The rollout is expected to reach Target's roughly 440,000 workers globally. To ease the transition, store employees will receive a free shirt and a one-time 50% discount on denim as part of the new dress code change, according to Axios.

The policy tightening arrives as Target works to recover its footing against rivals. The company has faced pressure from slowing discretionary spending and increased competition from Walmart and Costco, prompting a renewed focus on store operations and customer experience. Retail analyst Lila Margalit, writing for Placer.ai, noted that "a sustained recovery will depend on the effectiveness of Fiddelke's turnaround strategy, which centers on sharper merchandising curation and improvements to the guest experience."

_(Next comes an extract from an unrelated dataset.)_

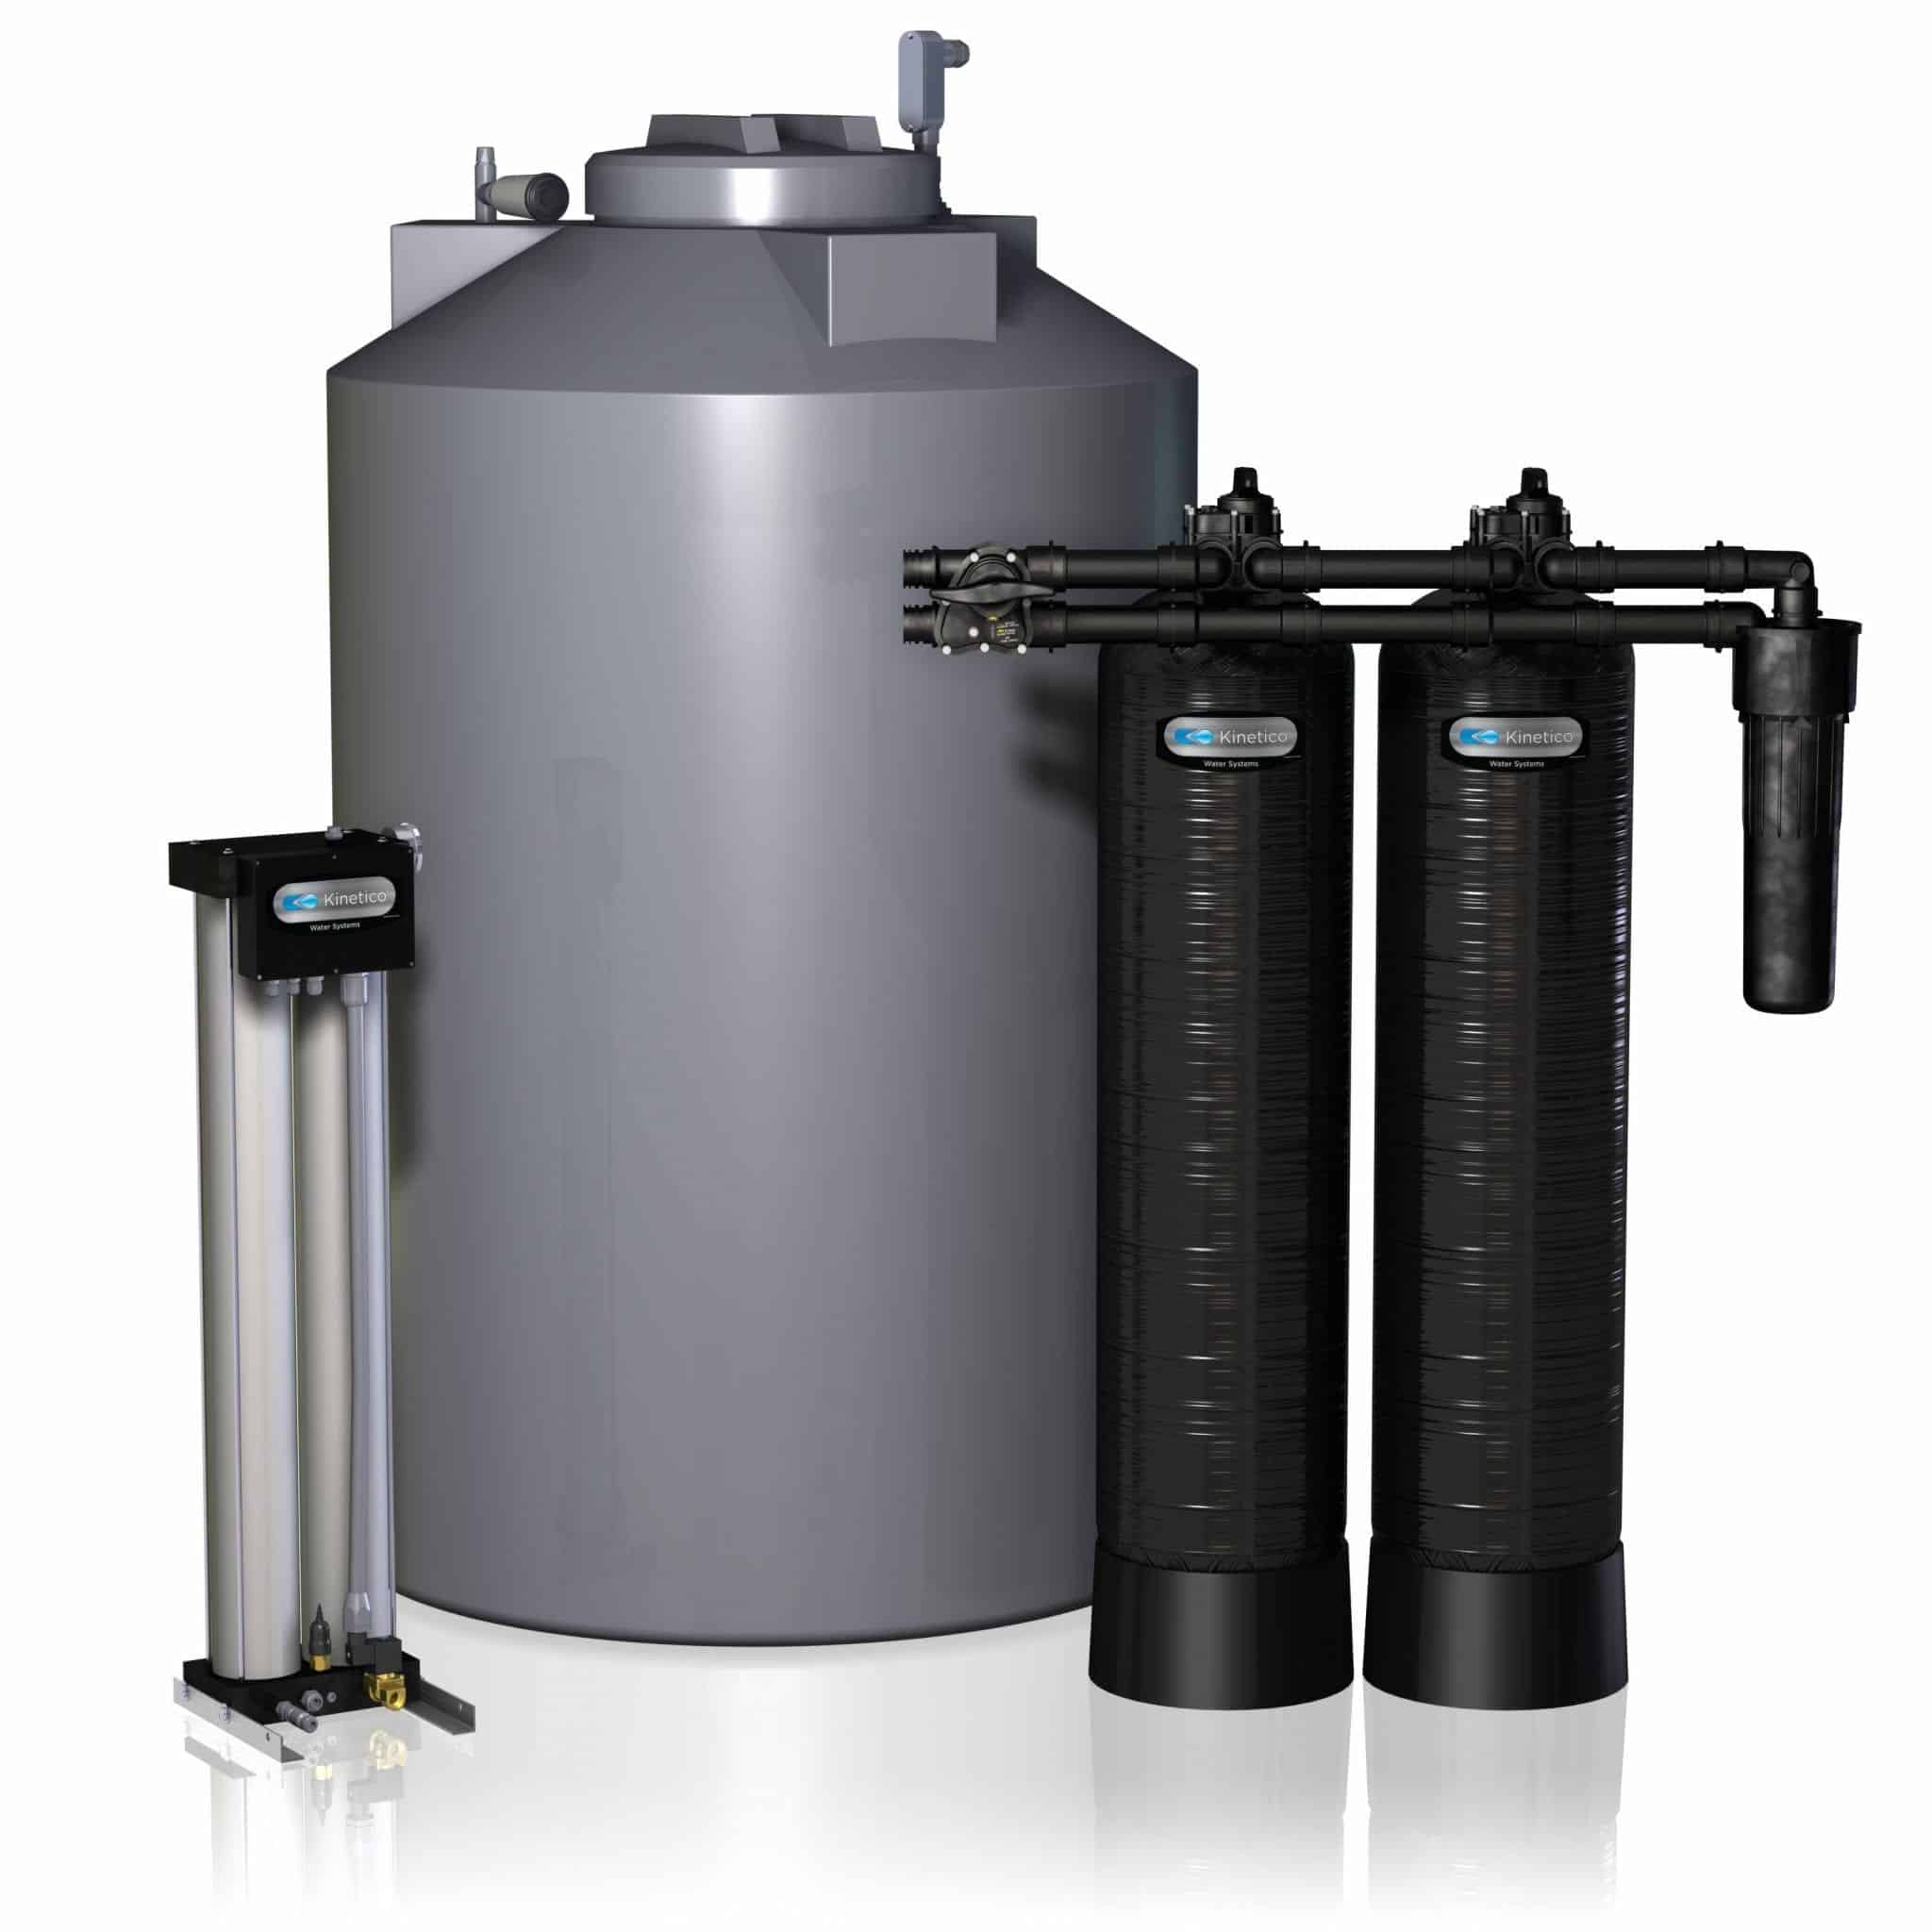 Kinetico water treatment system tanks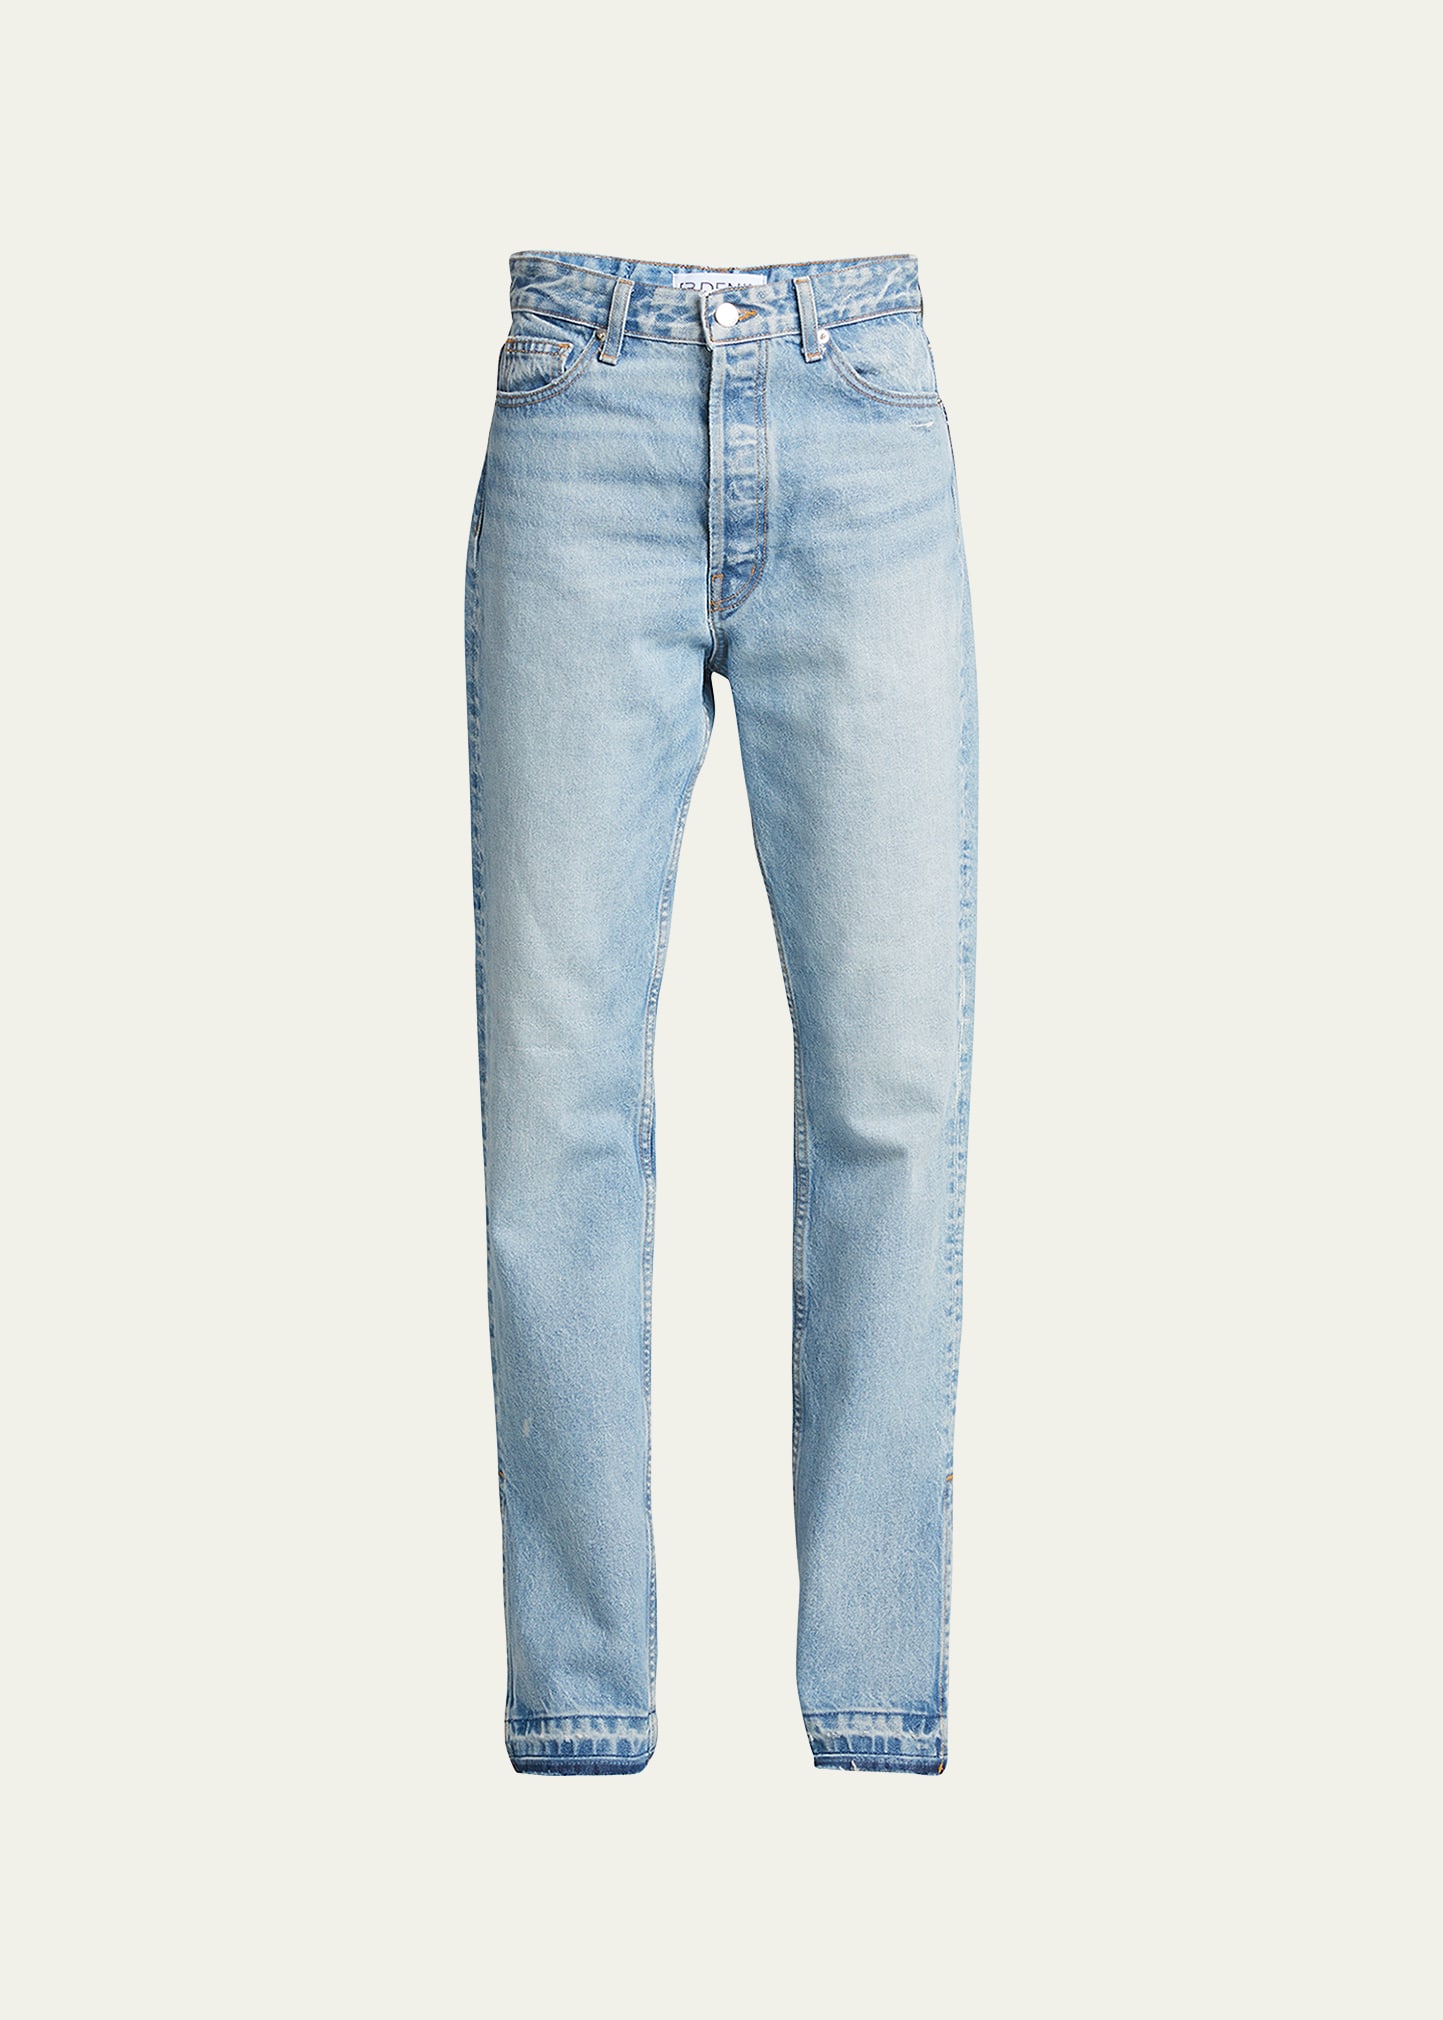 EB DENIM Unraveled Two Jeans

This shift marks a return to the "recognizable" Target aesthetic that helped the brand become a household name, moving away from the more relaxed rules that were expanded back in 2019. Enforcement under the previous policy was notoriously inconsistent: one employee told Newsweek, "My store is pretty laid-back with its rules — I've even worn purple tops and no one said a thing." The new guidelines, ordered from corporate leadership, are intended to close exactly that gap.